Elke keer als ik wandelend het spoor over wil steken op de Barneveldseweg (N301), op momenten dat er een trein aan komt, denk ik: wat gek?! Het gaat dan om de oversteek in de richting van de rotonde zonder koe. Je treft dan geen fysieke belemmering op je pad en kunt zo de rails oplopen. Weliswaar moet je dan tussen twee hekjes doorlopen en twee keer een hoek van negentig graden maken, maar er is geen slagboom die je weg blokkeert. 

Toegegeven, dat is pas echt een probleem als de luidrinkelende bellen niet werken óf als je doof én afgeleid bent. Niettemin voelt het heel gek dat je er zo door kan lopen. Ik had het daar met iemand over die zei: dit is nou typisch een onderwerp om een column aan te wijden. Maar het lastige van zo’n gedachte toevertrouwen aan papier, is dat je die mijmerend achter je toetsenbord vrijwel automatisch gaat nuanceren of (letterijk) van de andere kant bekijken. Want stel dat je in de richting van het kruispunt met de Amersfoortseweg / Frieswijkstraat wandelt en er zou op de gewraakte plek wél een slagboom zijn. Dan tref je die mogelijk op je pad als je nog aan de spoorzijde ervan bent. Dat vind ik dan ook weer een beklemmend idee. Zo was het vroeger ook bij de spoorwegovergang op de Amersfoortseweg. Niet fijn. Hoe is het daar nu dan, vroeg ik me af. En zo ontstaat dus een tunnelvisie 😉 Voor de N301 kan dat ook een oplossing zijn, maar dat lijkt me best een duur geintje. Tot die tijd vooral zelf goed op blijven letten.

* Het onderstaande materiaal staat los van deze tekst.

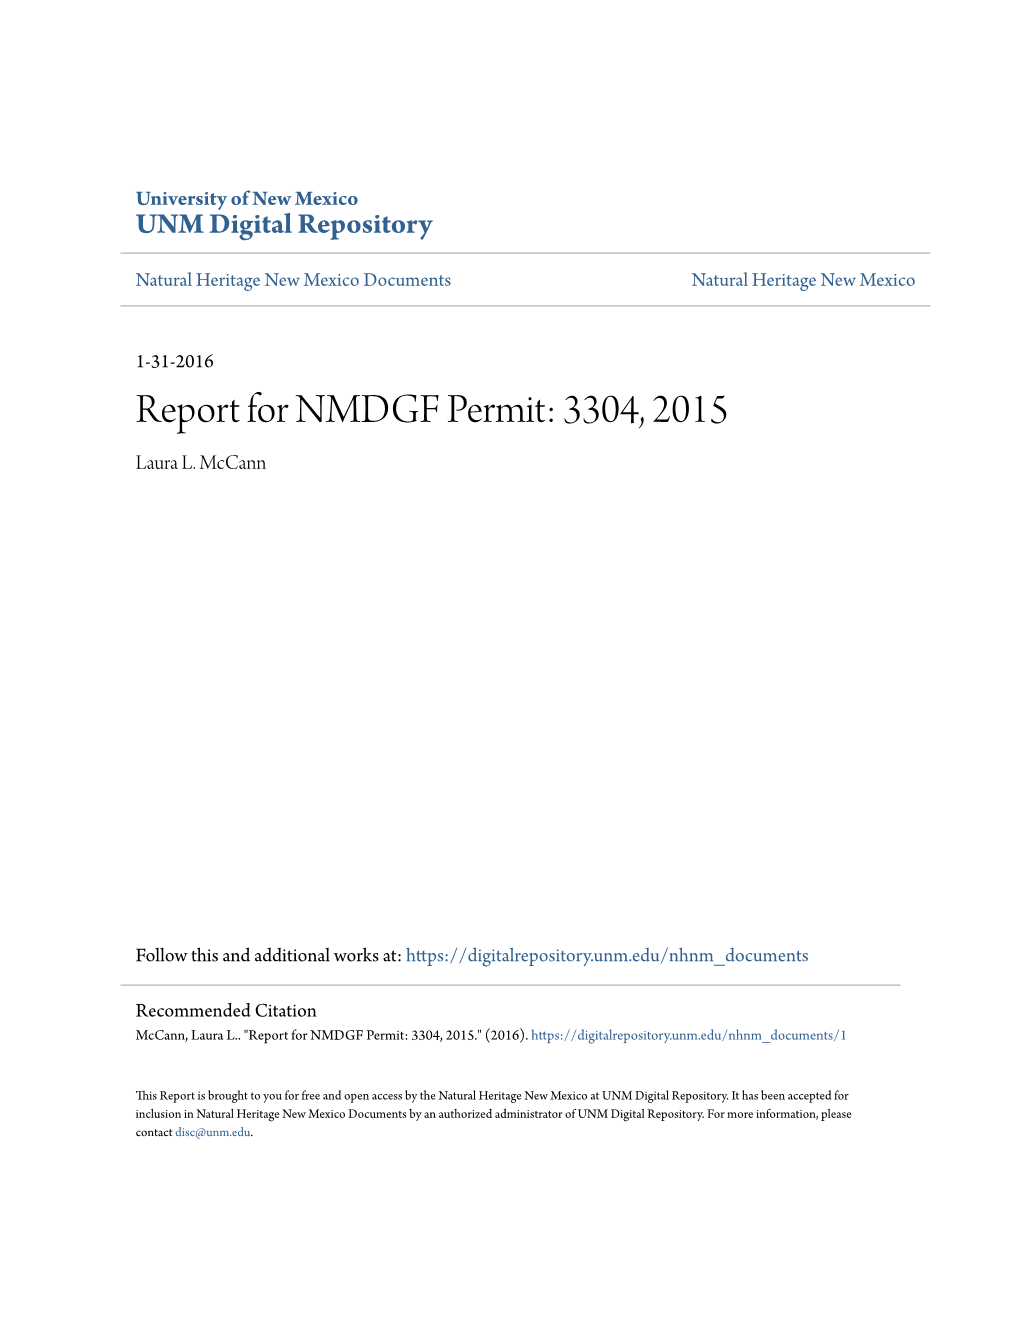 Report for NMDGF Permit: 3304, 2015 Laura L

En dat is altijd een goed idee. Zelf op blijven letten. Zelf doen ook. Je verantwoordelijkheid nemen. We zijn de laatste weken een beetje gepamperd. Winkelkarretjes werden dag in dag uit voor ons gedesinfecteerd, zodat wij coronaproof onze boodschappen konden doen. En bijkomend gemak: er hoefden (tijdelijk) geen winkelwagenmuntjes in. Ben ik de enige bij wie die krengen altijd precies in een andere jas of tas zitten dan die ik (bij me) draag? Contant geld op zak heb ik ook al weken niet meer nu je overal (bij voorkeur) moet pinnen. Dus vond ik het echt even wennen dat de karretjes ineens weer vastzaten.

Toevallig ving ik een flard van een gesprek op over de reden van de geketende karretjes. Mensen lieten ze steeds vaker op de gekste plekken slingeren, maar op magische wijze was er altijd wel iemand die ‘m weer opruimde. Dat daar een einde aan is gekomen is heel begrijpelijk, maar wel jammer. Want door die luilakken die te beroerd waren hun karretje even terug te zetten moeten we nu allemaal weer zelf aan de bak.